Öncelikle de, Ermeni Soykırımı alanında.
Barışçıl söylemler kullanan Türkiye yönetimi, hem dünya ve bölge ülkelerini, hem de Ermenistan’ı yanıltmaya çalışıyor.
Ermenistan, mevcut Ermenistan-Türkiye sınırını tanımadığını hiçbir zaman resmi olarak açıklamadı.
Öte yandan, toplumumuzun bir kısmı, bu sınırı adaletsiz olarak algılamaktadır.
Çünkü Kars Antlaşması, Moskova Antlaşması’na dayanmaktadır ve Moskova Antlaşması imzalandığında Ermenistan’dan hiçbir temsilci katılmamıştır.

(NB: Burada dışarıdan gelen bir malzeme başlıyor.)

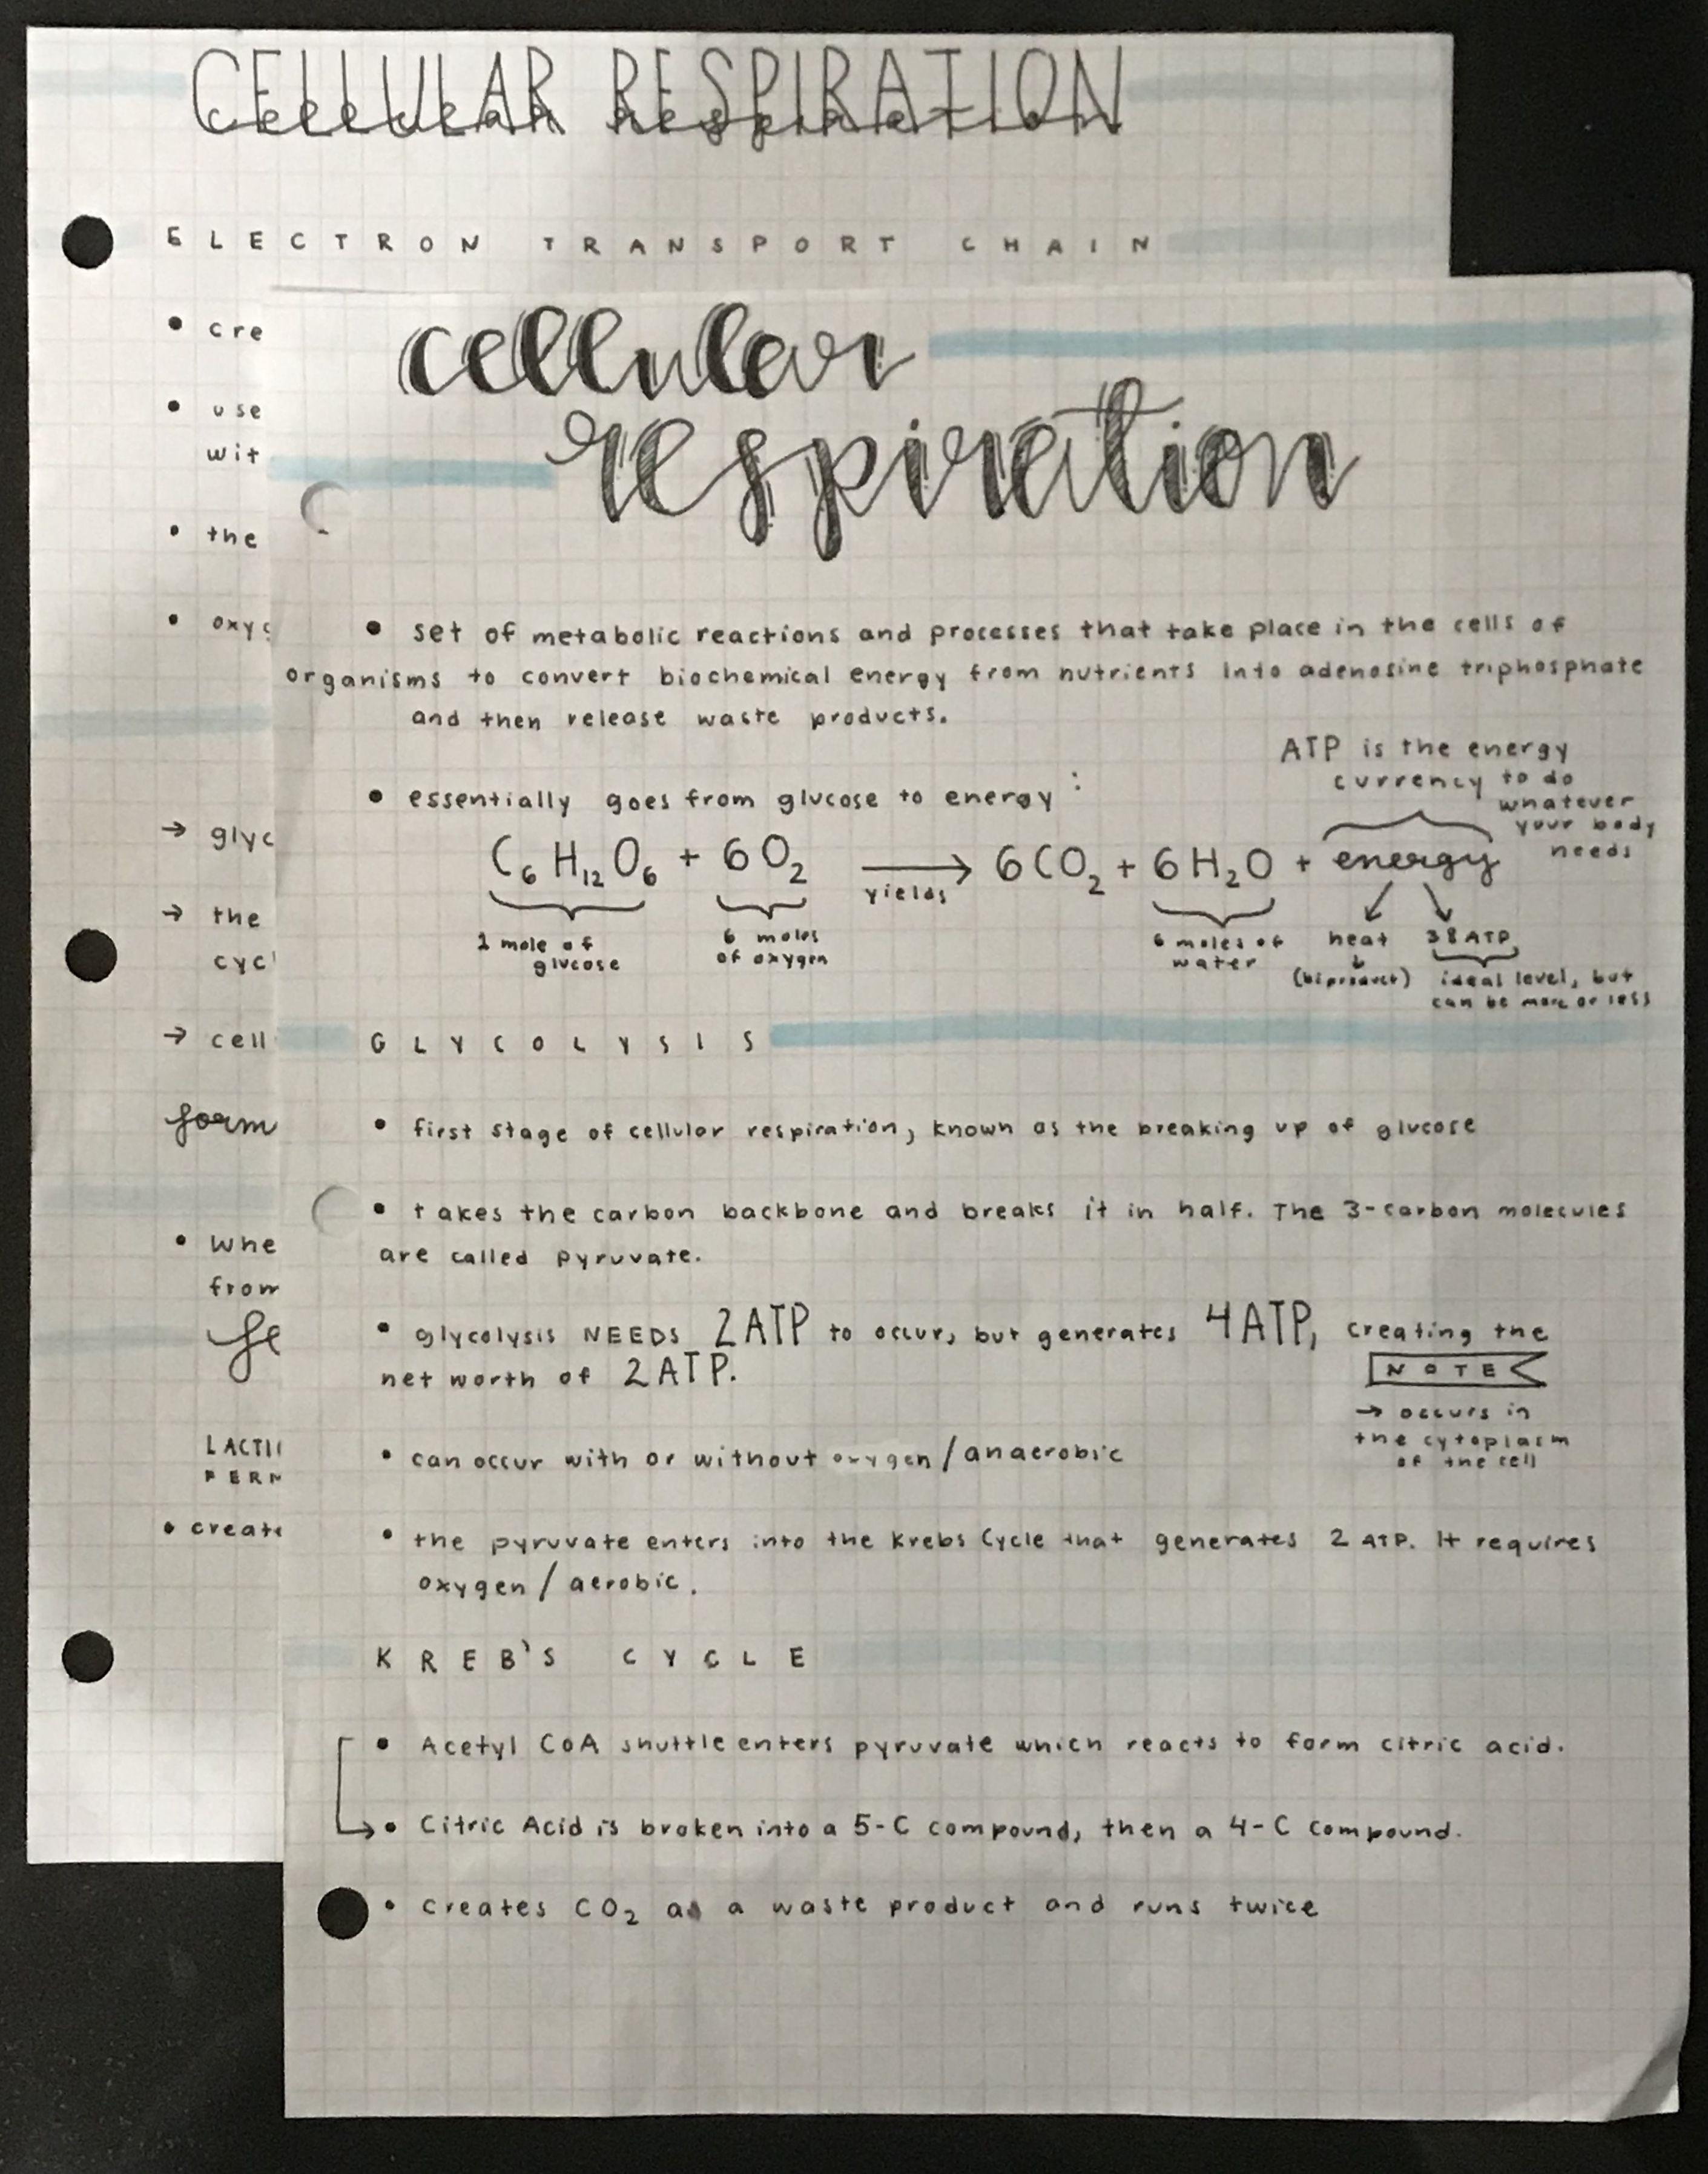 Aesthetic Notes Gcse Science Revision School Goals School Organization [ 3590 x 2821 Pixel ]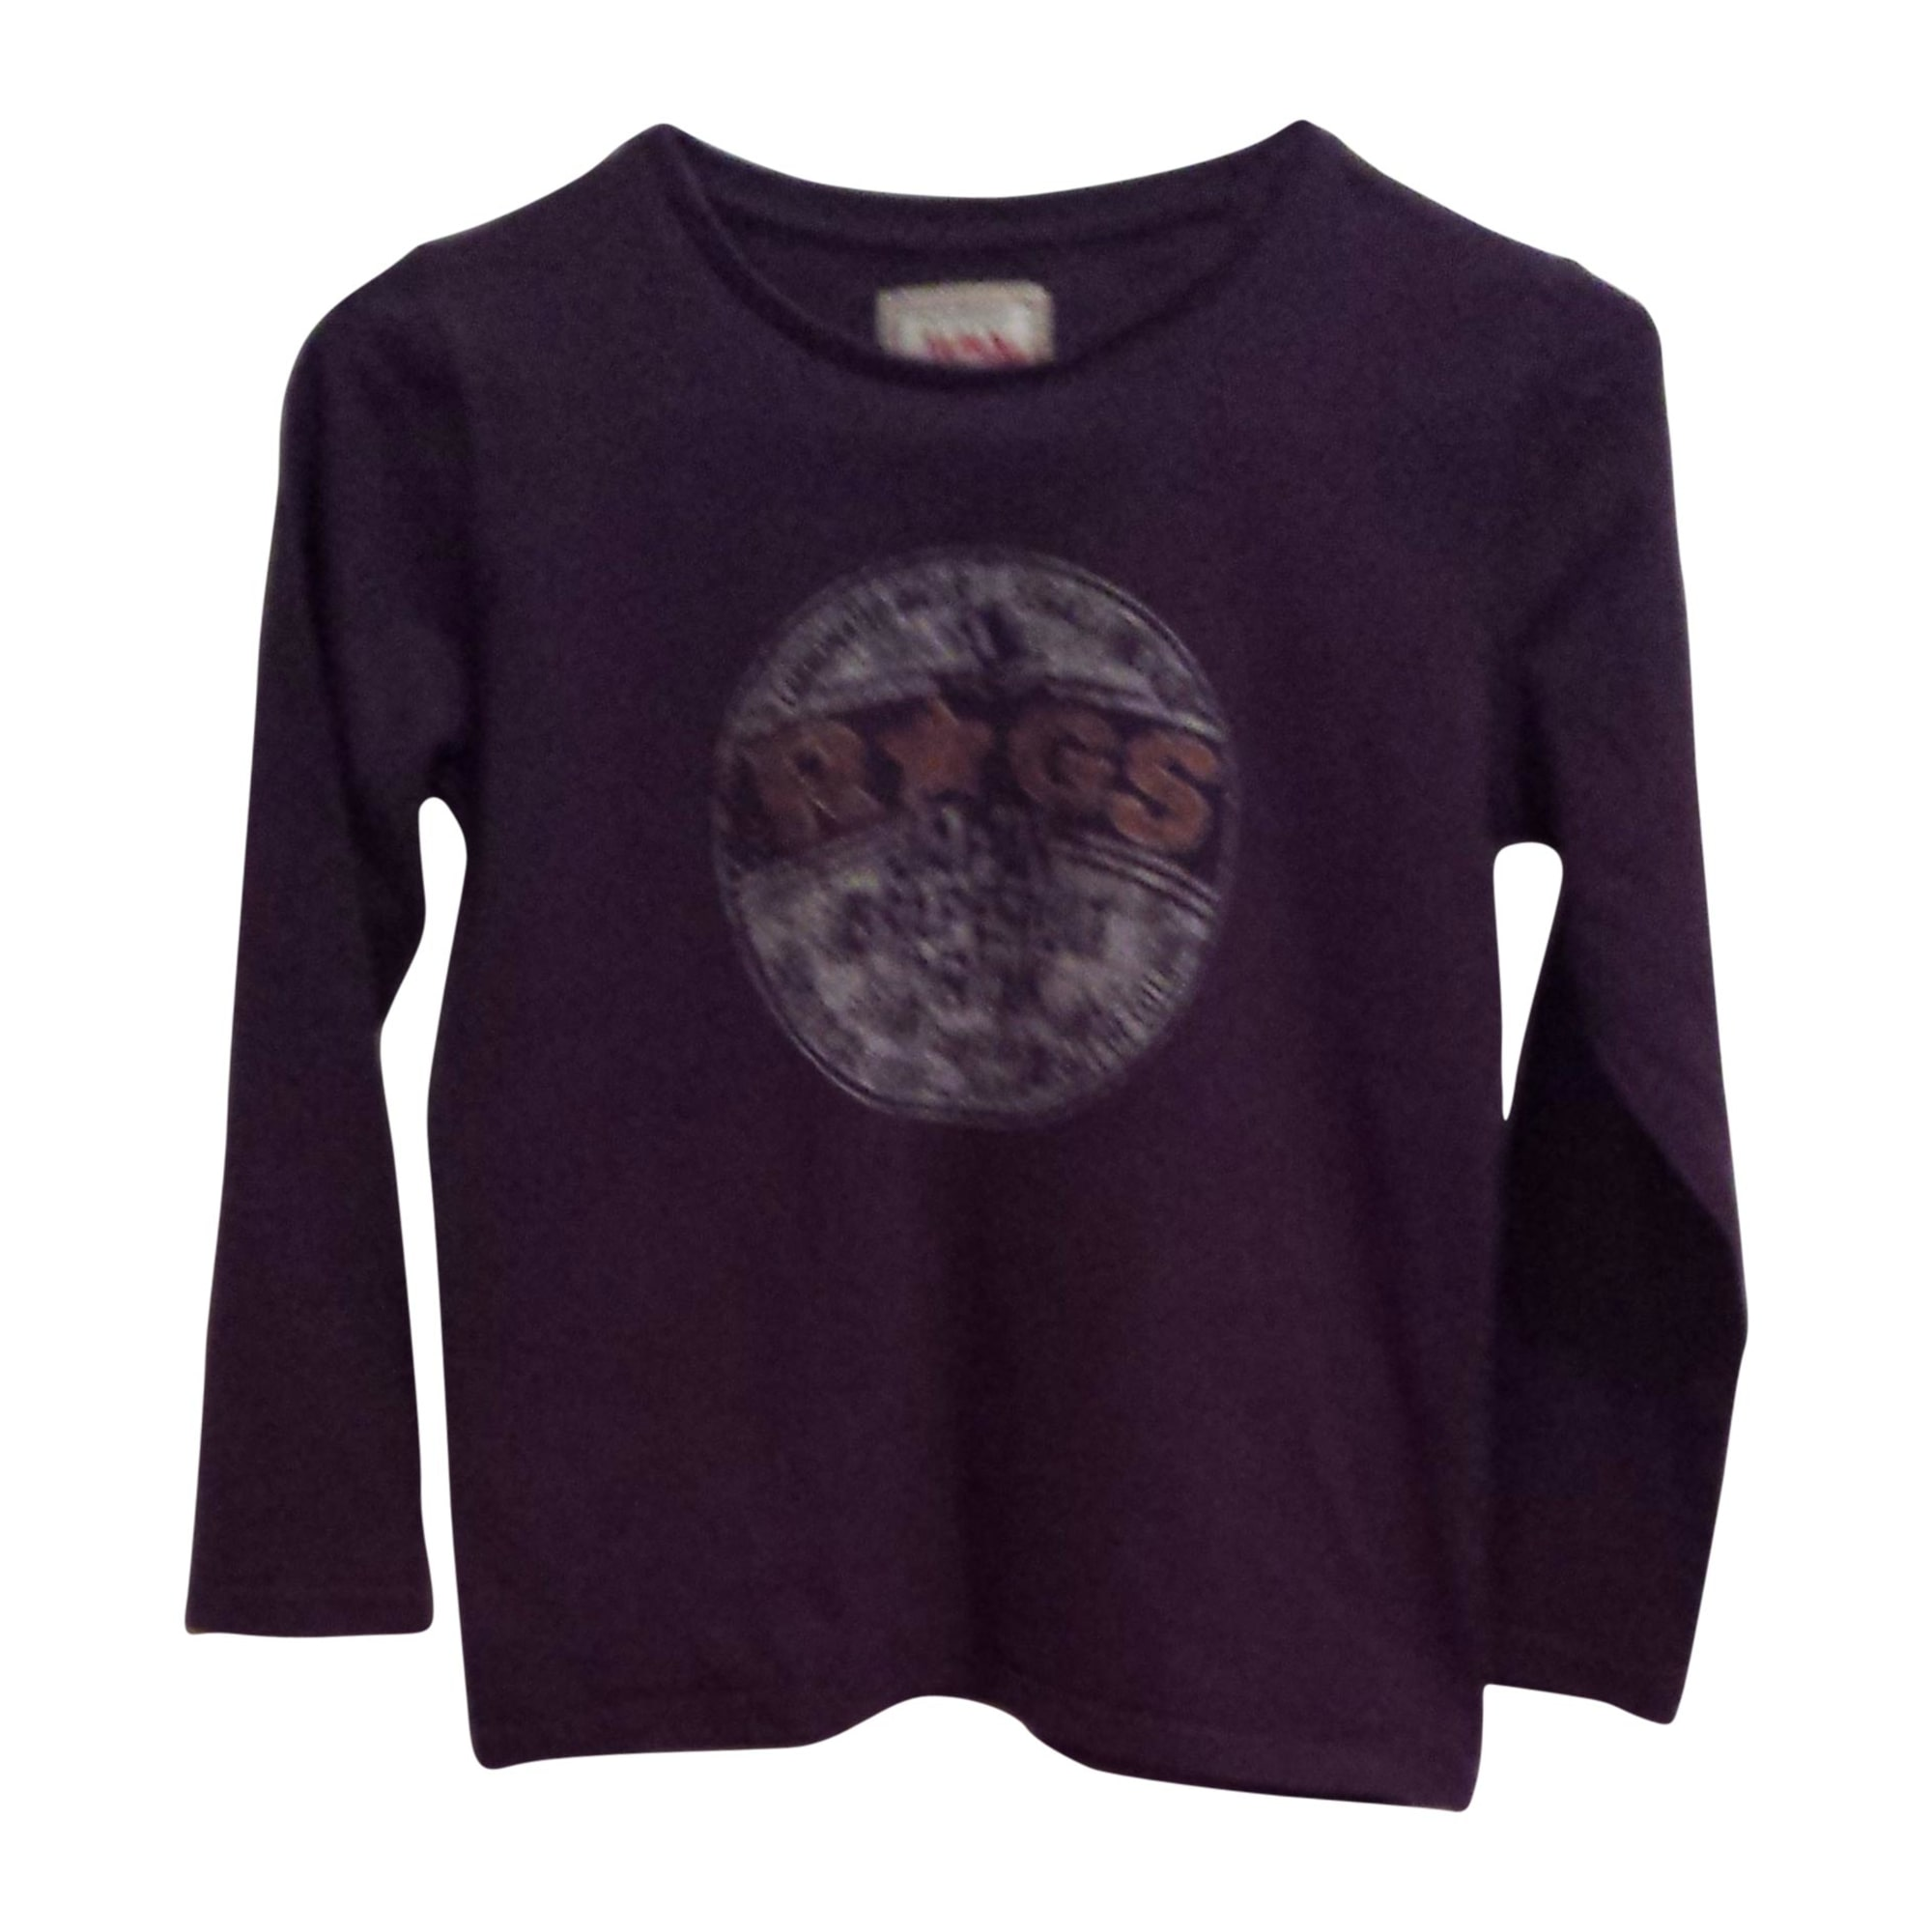 06337158c60c3 Tee-shirt JAPAN RAGS 5-6 ans violet - 2904814

Böylece Ermenistan’dan bağımsız ve katılımsız, Ermenistan’ın Türkiye ile sınırı kararlaştırıldı.
Bu yüzden haksız olarak algılanıyor”.
Ermenistan Cumhuriyeti tarihinde, Ermeni-Türk devletlerarası ilişkilerini düzenlemek için 4 girişimde bulunulmuştur.
İlk üçü ön koşullar nedeniyle başarısız oldu, şimdi 4. deneme sürüyor.
Bu durumda, analistler bölgesel ve sosyo-politik değişiklikleri de dikkate almaya çağırıyorlar.
Tanıma ve uzlaşmayı birleştirmek için belki de en iyi “reçete”, İkinci Dünya Savaşı’ndan sonra, Yahudilere karşı işlediği suçlarla yüzleşen ve aynı zamanda kabul eden Almanya tarafından verildi.